The following recipe gives the hottest probe that can be made from available
nucleotides. It uses 750µCi to make a single probe, and therefore should only be used in
extreme situations. You can reduce the amount used by using ribonucleotides of lower
specific activity and/or reducing the reaction volume; the critical factor is that the
concentration of the hot nucleotide is at least 8µM. The whole procedure is based on the
one in the instructions that come with the Stratagene Transcription Kit;; there is a
discussion of all the stages in that booklet.
Northern blots;
1) Dry down 750µl of 3000Ci/mmol, 1mCi/ml rATP in the Speedvac (I split it into two
tubes, thereby halving the time taken).
2) Resuspend the hot nucleotides in the following reaction:
5µl 5X Transcription Buffer* (Stratagene)
1µl 10mM rCTP
1µl 10mM rGTP
1µl 10mM rUTP
1µl 0.75M DTT
1µl RNAse Block (25U, Stratagene; RNAsin is OK too)
1µg DNAÝ
10U T3 or T7 Polymerase
Water to 20µl
*5X - 200mM TrisHCl, pH8, 40mM MgCl2, 10mM spermidine, 250mM NaCl.
Ý The DNA is Bluescript cut down stream of the insert, treated with 200µg/ml
proteinase K, 15 minutes, 37°, phenol extracted, ethanol precipitated, and
resuspended in DEPC-treated water.
3) Incubate at 37° for 30 minutes.
4) Add 100µg RNAse-free tRNA, an equal volume of 4M ammonium acetate, and 2.5
volumes ot ethanol. Precipitate. By measuring the radioactivity in the pellet and the
supernatant, it is possible to get a very approximate idea of the incorporation; it
should be greater than 50%. Resuspend in boiling salmon sperm DNA just before
setting up the hybridisation.
Northern Blot
The northern is run under standard conditions.
Hybridisation
1.Prehybridise for at least 4 hours at 65° in:
50% formamide
5X SSC
1X PE*
150µg/ml salmon sperm DNA (phenol extracted)
*5X PE; is: 250mM Tris-HCl, pH7.5
0.5M sodium pyrophosphate
5% SDS
1% polyvinyl pyrolidine
1% ficoll
25mM EDTA
Make in DEPC-treated water, heat to 65° to dissolve. Cool to about 37°, and add 5%
BSA (fraction 5) to 1% final. Heat again to 65° for 15 minutes. Store indefinitely at
room temperature.
2) Hybridise in the same mix with the probe (I resuspend the probe in a little just-boiled salmon sperm DNA). Hybridise at 65°, overnight or longer.

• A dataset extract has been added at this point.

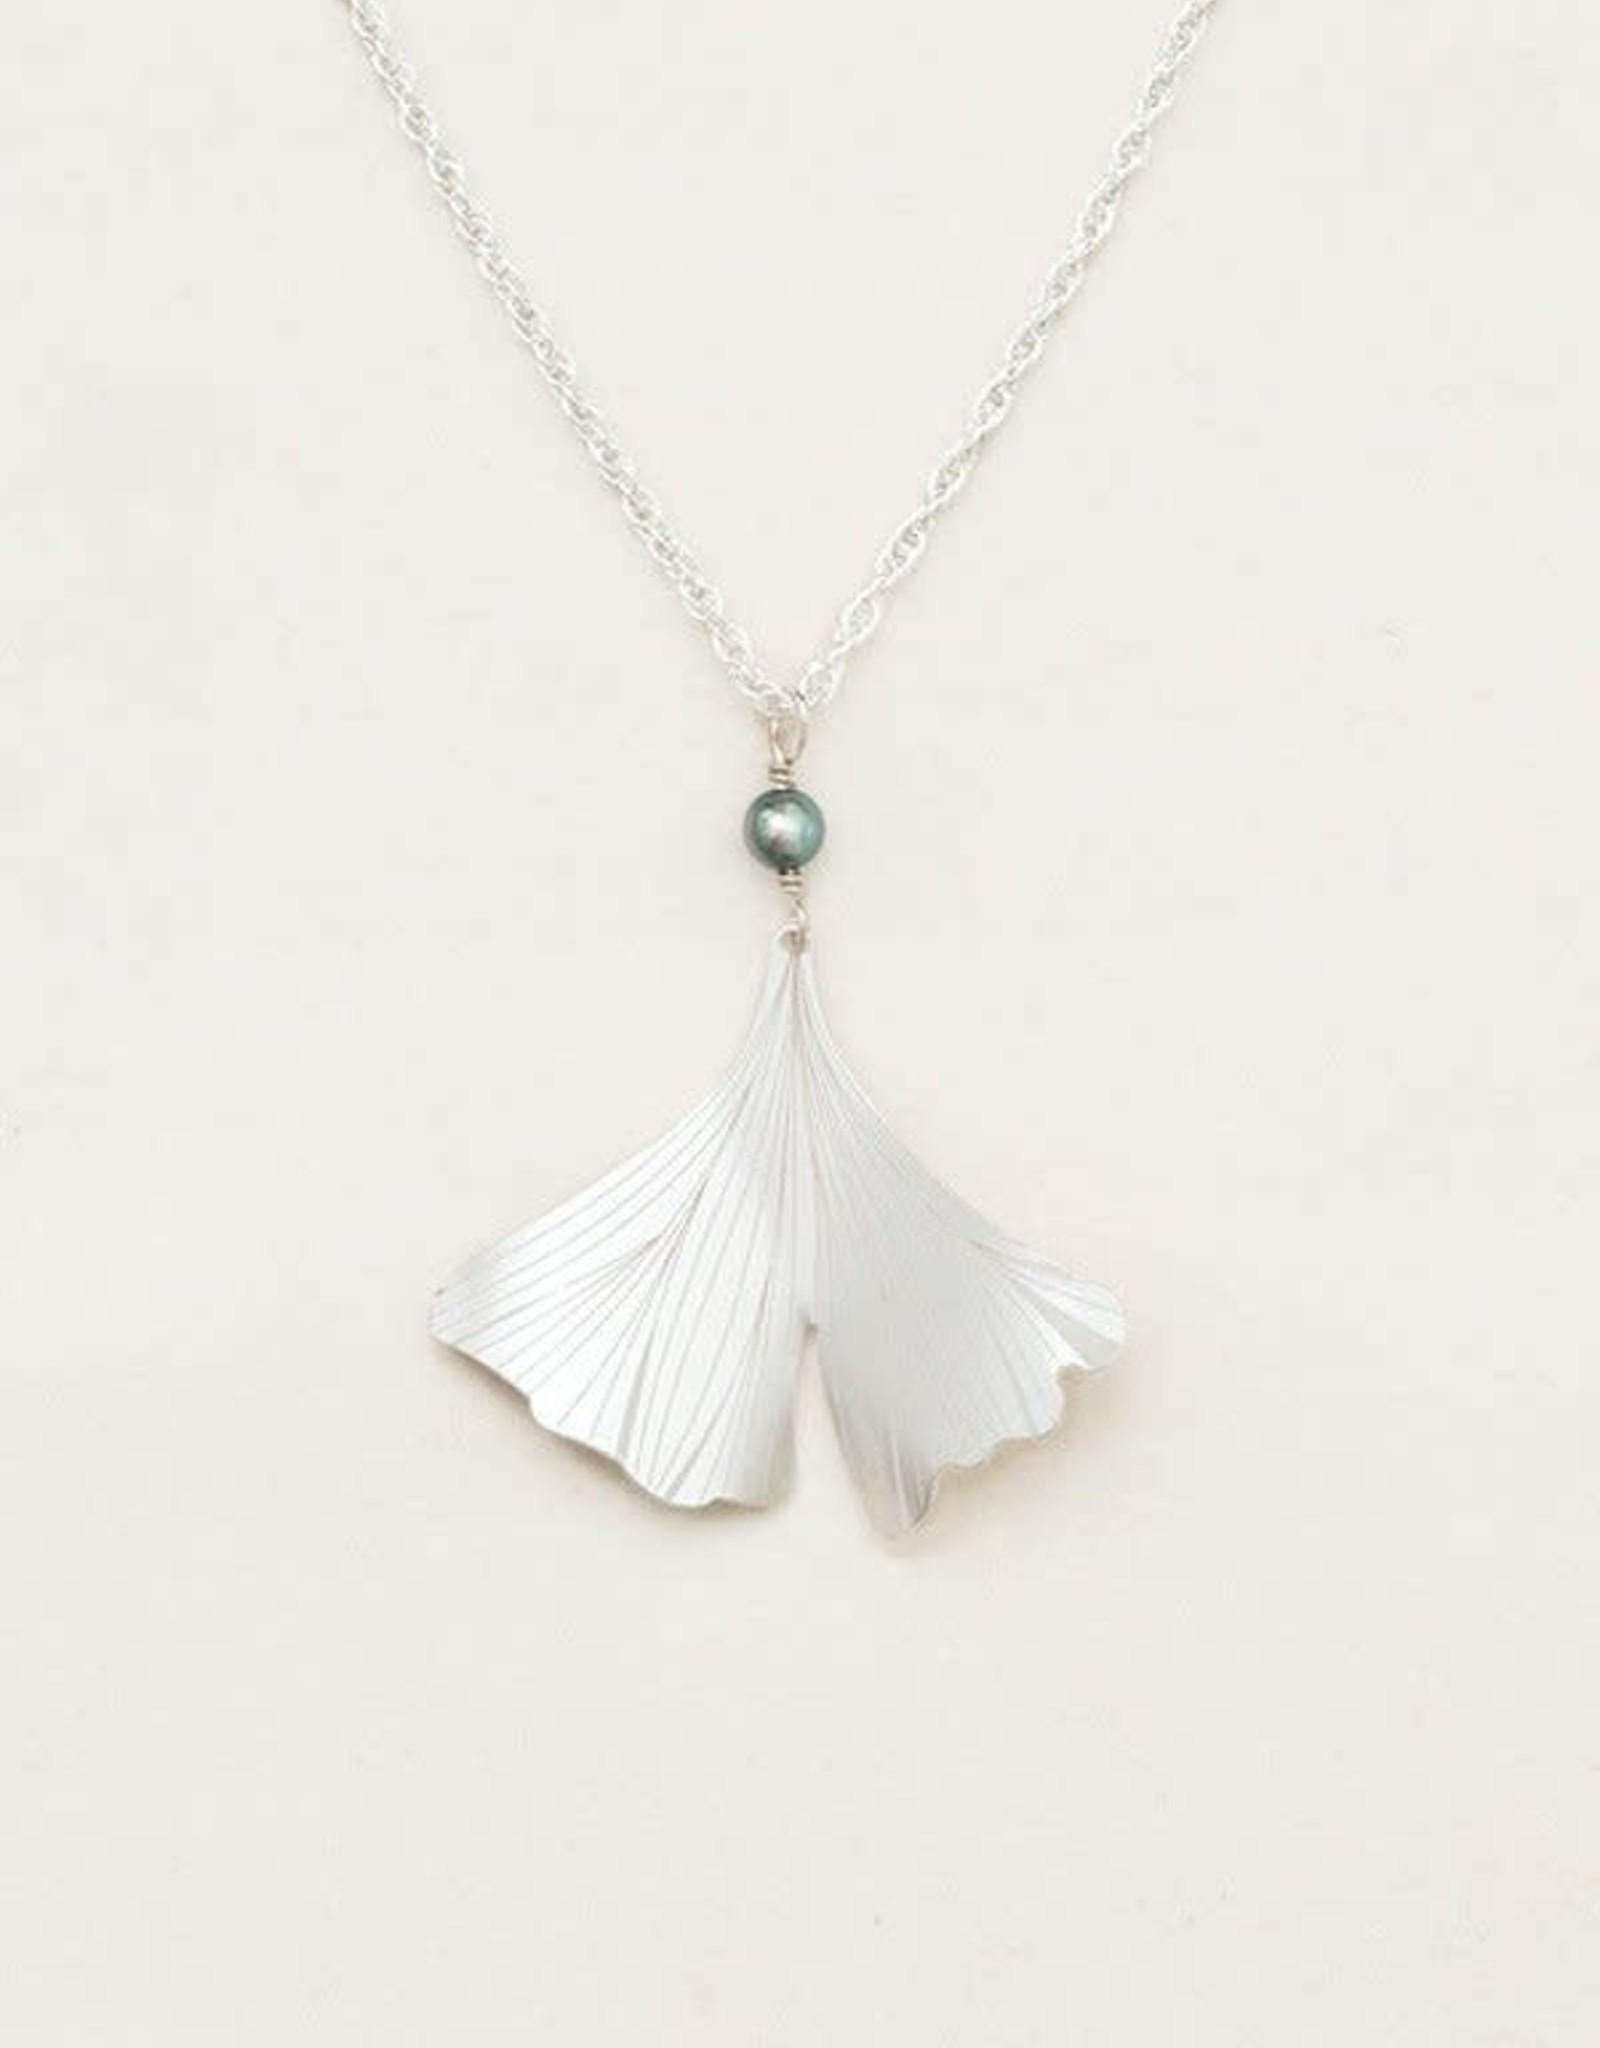 Holly Yashi Silver Ginkgo Pendant Necklace
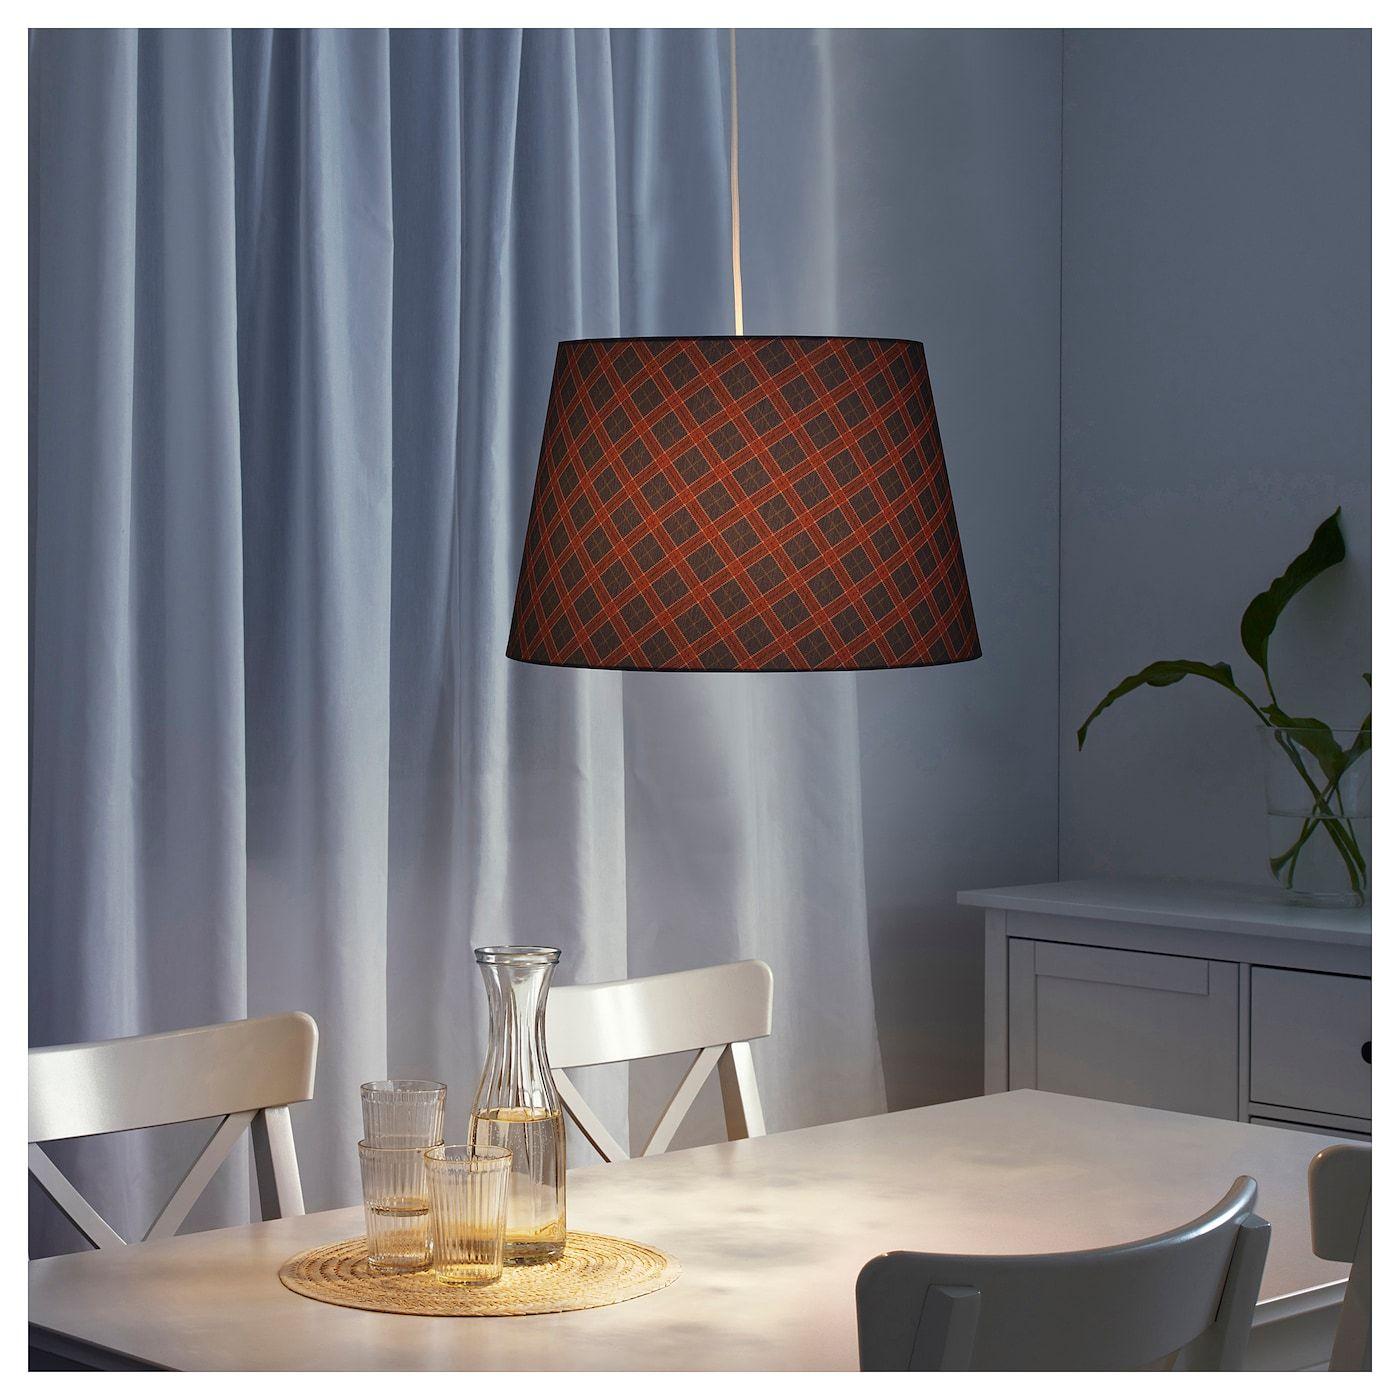 IKEA RYRA Lamp shade check red, blue Bedroom light

3) Wash in 0.1X SSC, 0.1% SDS at 65°. This is rather low stringency (see above), and any signal you see should be checked by rewashing the filter (which should not be allowed to dry completely) at increasing temperatures. For example I have found three bands on a northern that only gives one with DNA probes. One of the spurious bands comes off between 65° and 70°, and the other by 75°. In this case the real band still hybridises up to 85°.
Using this protocol, a transcript that is normally visible in about 12 hours (using oligo-labelled probes), is visible in 1 - 2 minutes, suggesting that these really are very sensitive northerns.